The rhythms of pastoral practice in a sixth form college

This article summarises research in progress that represents a rehearsal of concept with unconventional methodologies and approaches looking at the work of pastoral practitioners in a sixth form college. Pastoral work is even more important now than ever and as the demands have increased there is a need for professionals to have a comprehensive look at the working practice and environment that staff operate within. How can we look beyond the surface of pastoral practice in a way that allows us to understand and develop practice? I am proposing that methodological innovation is necessary to critically tackle and understand the ‘lived experience’, and ‘troubling’ issues that pastoral practitioners and educators face especially in moments of extremis- such as Covid.

Kevin Dajee
Chartered Psychologist and Educator

Hands held on blue background

Tuesday 21st February 2021- a selected extract from the autoethnographic writings of a researcher

“The machine delivers consistently and rapidly each time; at the touch of a button, the light turns off but it keeps the coffee warm in the carafe until I’m ready to pour, but this device is only able to function with my intervention having plugged it in, programmed, filled it with both the right amount of water and ground coffee for my particular taste. Feeling in complete control, I receive exactly what I had expected.

I’m sitting at my spot at the bar table, and as I sit back with my hot, tailor-made, freshly brewed Columbian roast looking outside at the same robins that visit. It feels like it’s a weekend, until my 45-minute vibration alert on my phones notifies me of a lesson that I am required to carry out as today is only Tuesday, it is a day I work from home (WFH); a familiar, but a restarted practice that is now looking like it will last for the next few months.Am I working from home or sleeping at work?

Although I can hear family in another room, the sounds are of them clicking buttons, talking through headsets and responding to notifications and phone calls. Logging in, I’m already hit with a multitude of sounds alerting me to new information from several different platforms. I am now swamped with several emails, messages on MS Teams and comments that require a response. This is strange, but no longer unusual. In fact, I’ve been here before. No sooner were we preparing to get back on-site to work in January that the government threw us yet another academic-related U-turn requesting that we work from home at very short notice.

I click the ‘Join’ button to MS Teams knowing what it took to get me here, to the point where I can respond with confidence to what I am doing, my new best friend and colleague is LAP265, I don’t need to refer to the sticker at the top to identify them anymore when I need to troubleshoot with an IT technician. I am exposed to yet more initials on the screen and myself in yet another artificial background.

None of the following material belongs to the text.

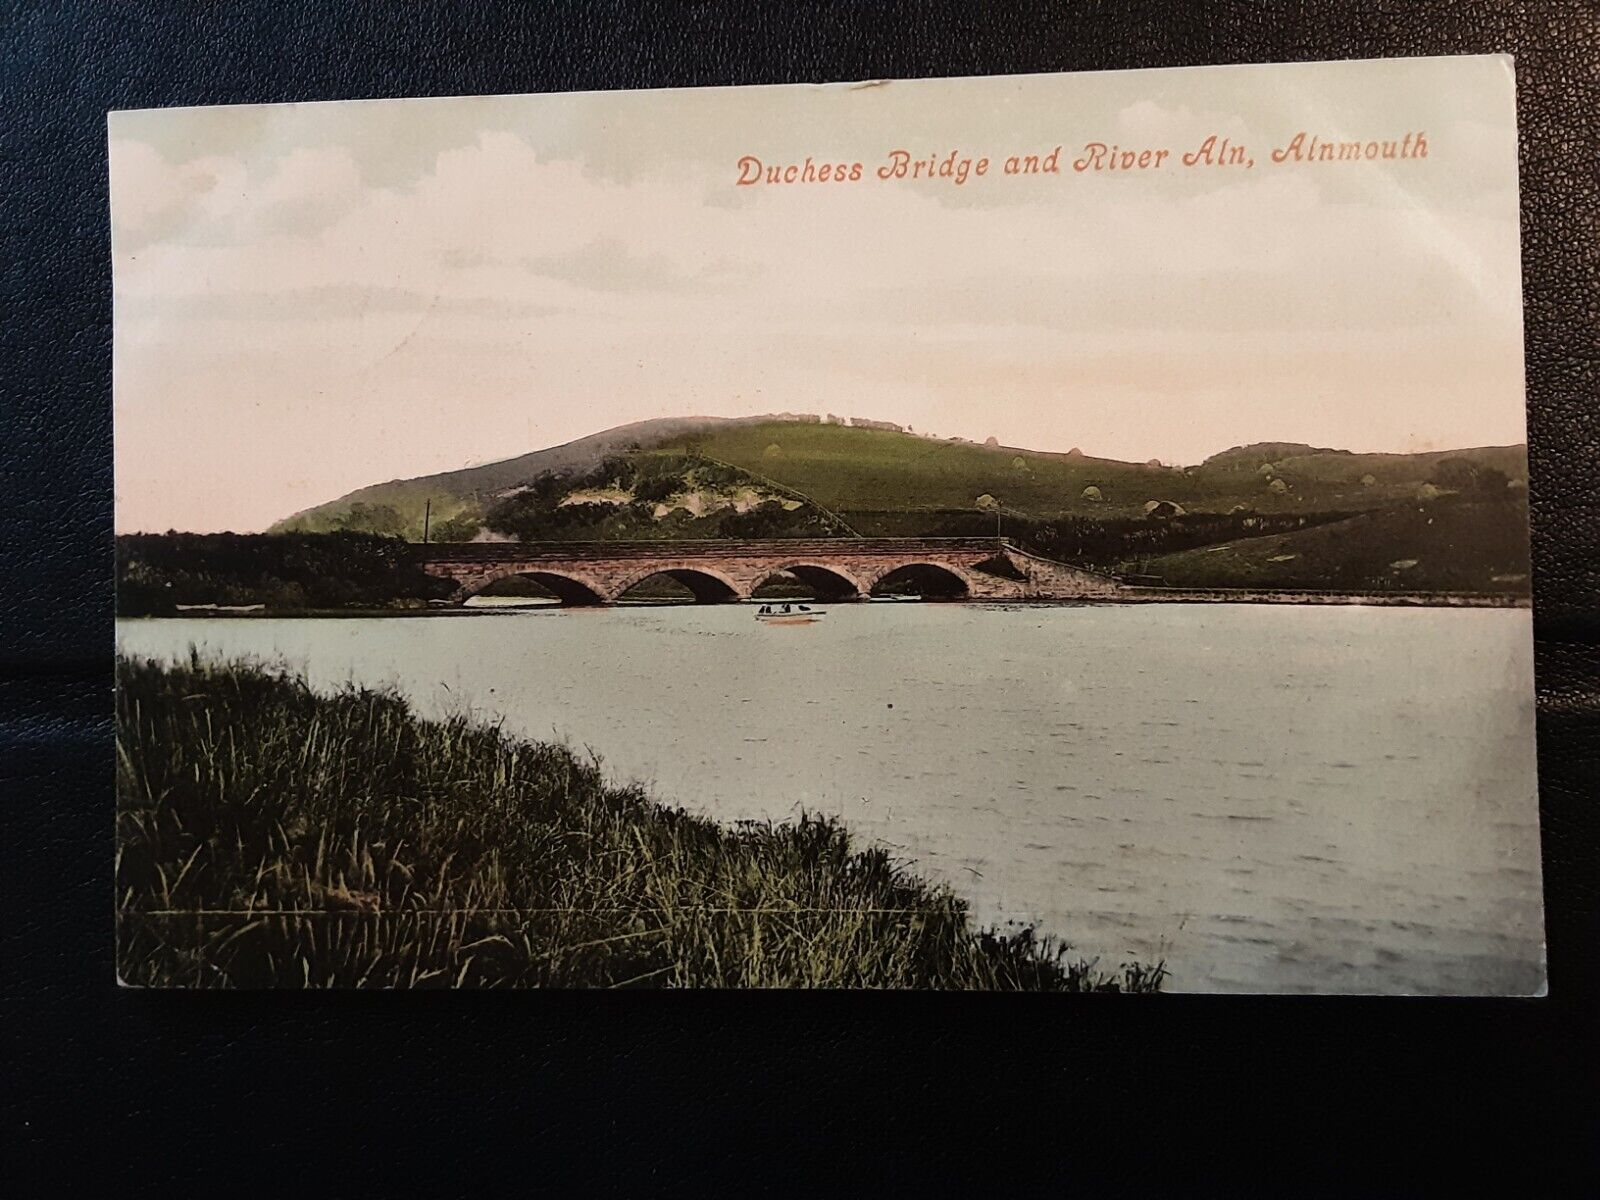 House Clearance - Old W Stephenson service of Duchess Bridge Alnmouth, Northumberland posted 190?
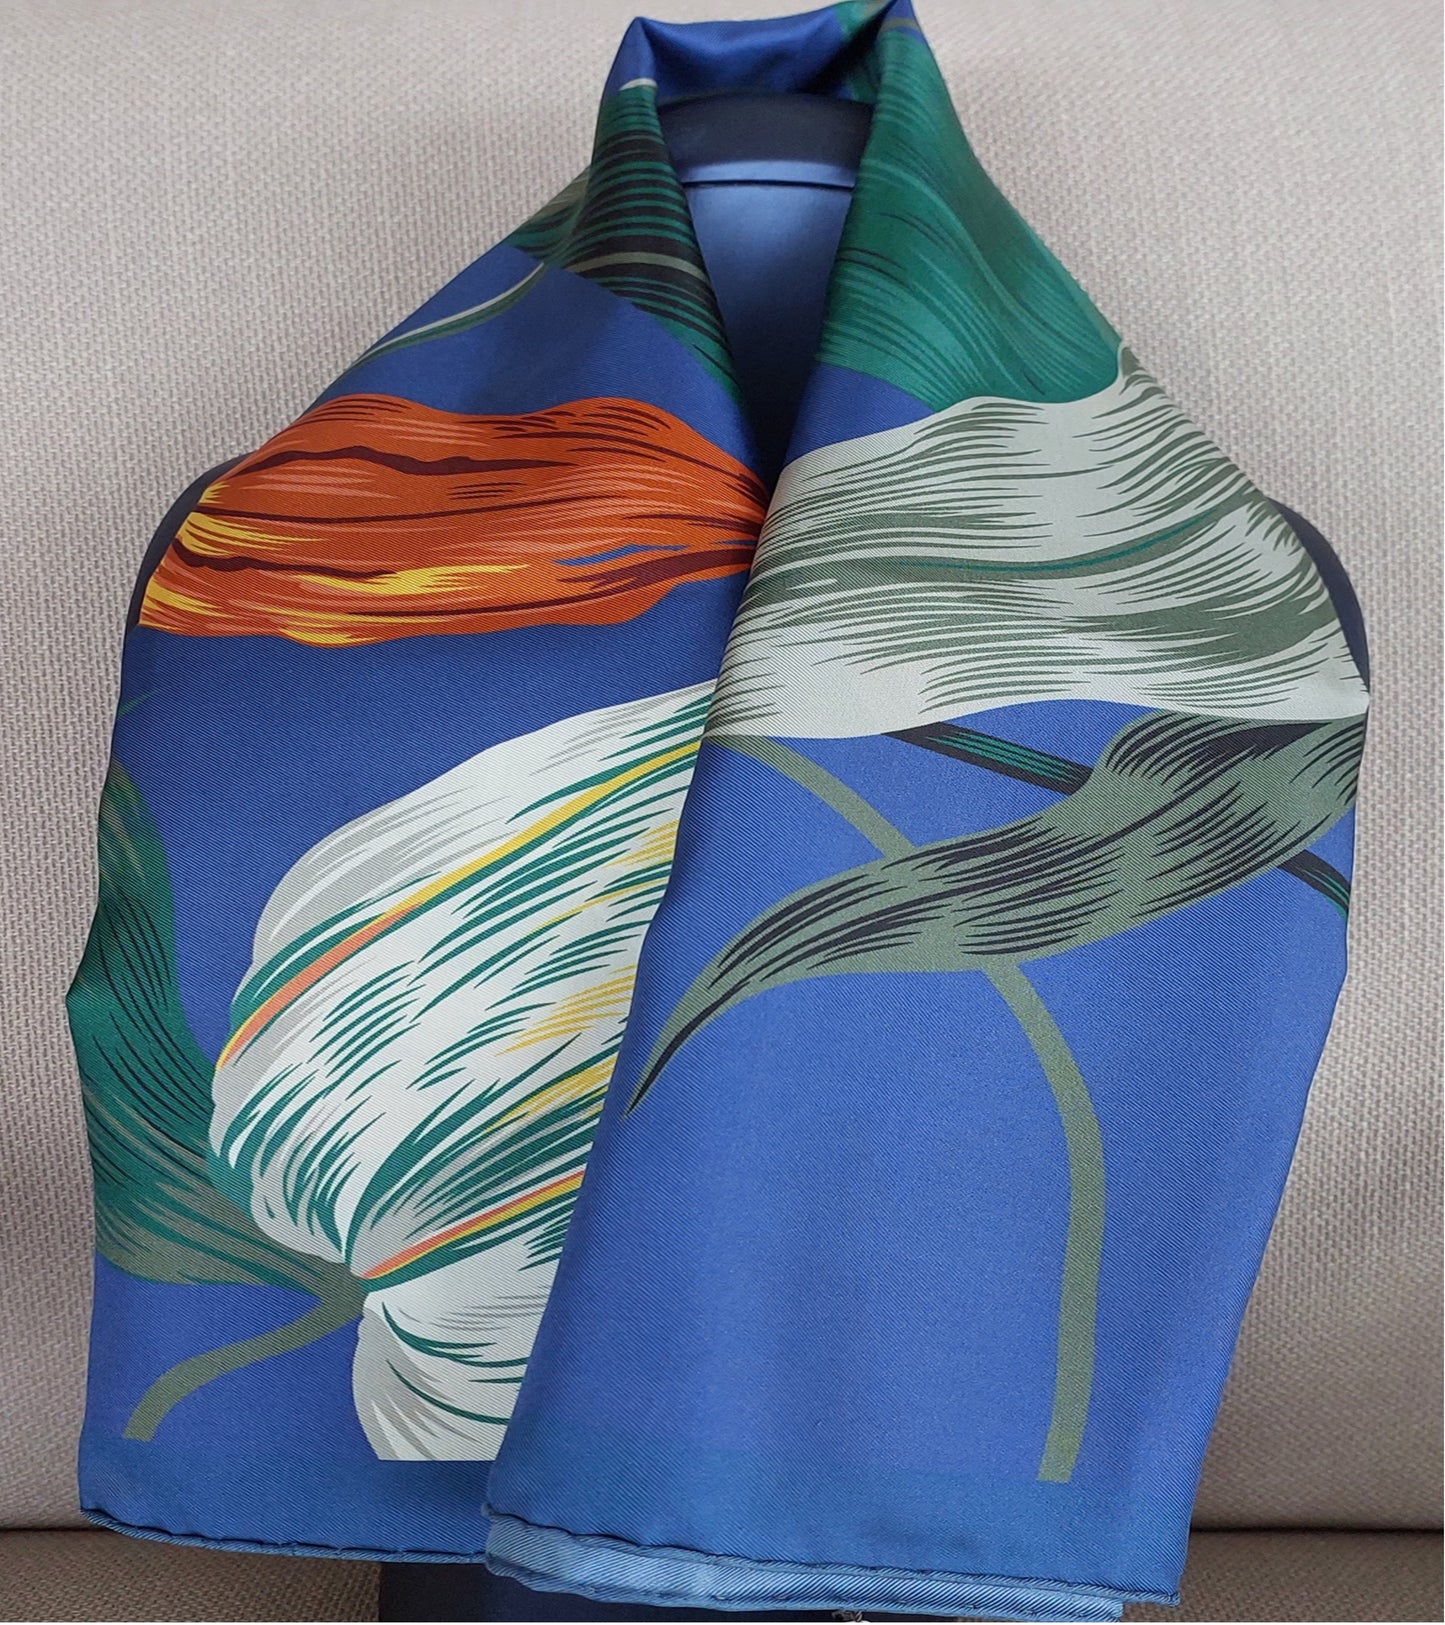 Woman Scarf 100% Silk Twill 90x90 Big Flowers Design Blue Green Colors Hand-rolled Great Gift for Her

Like it or not, I have now become one with the machine, this familiar headwear is connected directly to LAP265, I am synchronised with material items that used to be simply tools, to the point where I now wonder which entity is ‘clicking’ who into existence?

Methodology

As a researcher, I looked at combining Hauntological concepts (pasts and returns), Rhythmanalysis, and Autoethnography with Interpretative Phenomenological Analysis (IPA) to determine a systematic and reliable way to detect rhythms and themes of interest. Semi-structured interviews with a pastoral practitioner and autoethnographic writings of the researcher (who is involved in the development of pastoral practice) were analysed using IPA.

I wanted to see if I could observe behaviours through a Lefebvrian lens, but to offer further reliability in how rhythms can be detected. Notions of temporality, space, returns and repetitions, rhythms, disruptions and moments that affect professional practices for both myself and pastoral staff, rhythms that are ‘slow’, hidden, unconscious, destroyed and recreated rhythms and how they are linked rather than fragmented were of interest in understanding ‘lived experiences’ (Lefebvre, 2004).

The Results and Rhythms detected by IPA

Analysis of the data revealed six master superordinate themes and ten subordinate themes whilst using IPA and these can be seen as interconnecting themes that are rhythmic in terms of how participants described their ‘lived experiences’ (see Figure 1 below). The findings from participants though are not a primary goal of this paper, but it does provide some insight into the outcomes and ability of IPA to detect rhythms in pastoral practice.

Figure 1: Showing rhythmic patterns as six superordinate themes and ten subordinate themes identified using IPA

The findings in this instance (for now) are less significant to the aims but are reported to show the outcomes and potential analytical techniques of IPA that can be applied to demonstrate rhythmic pastoral practice. This ‘close-to-practice’ approach demonstrates that this innovative combined approach can be used as part of a wider thesis to study several key moments that pastoral staff have needed to work under and is a means to develop pastoral professional practice and respond to training needs in this area.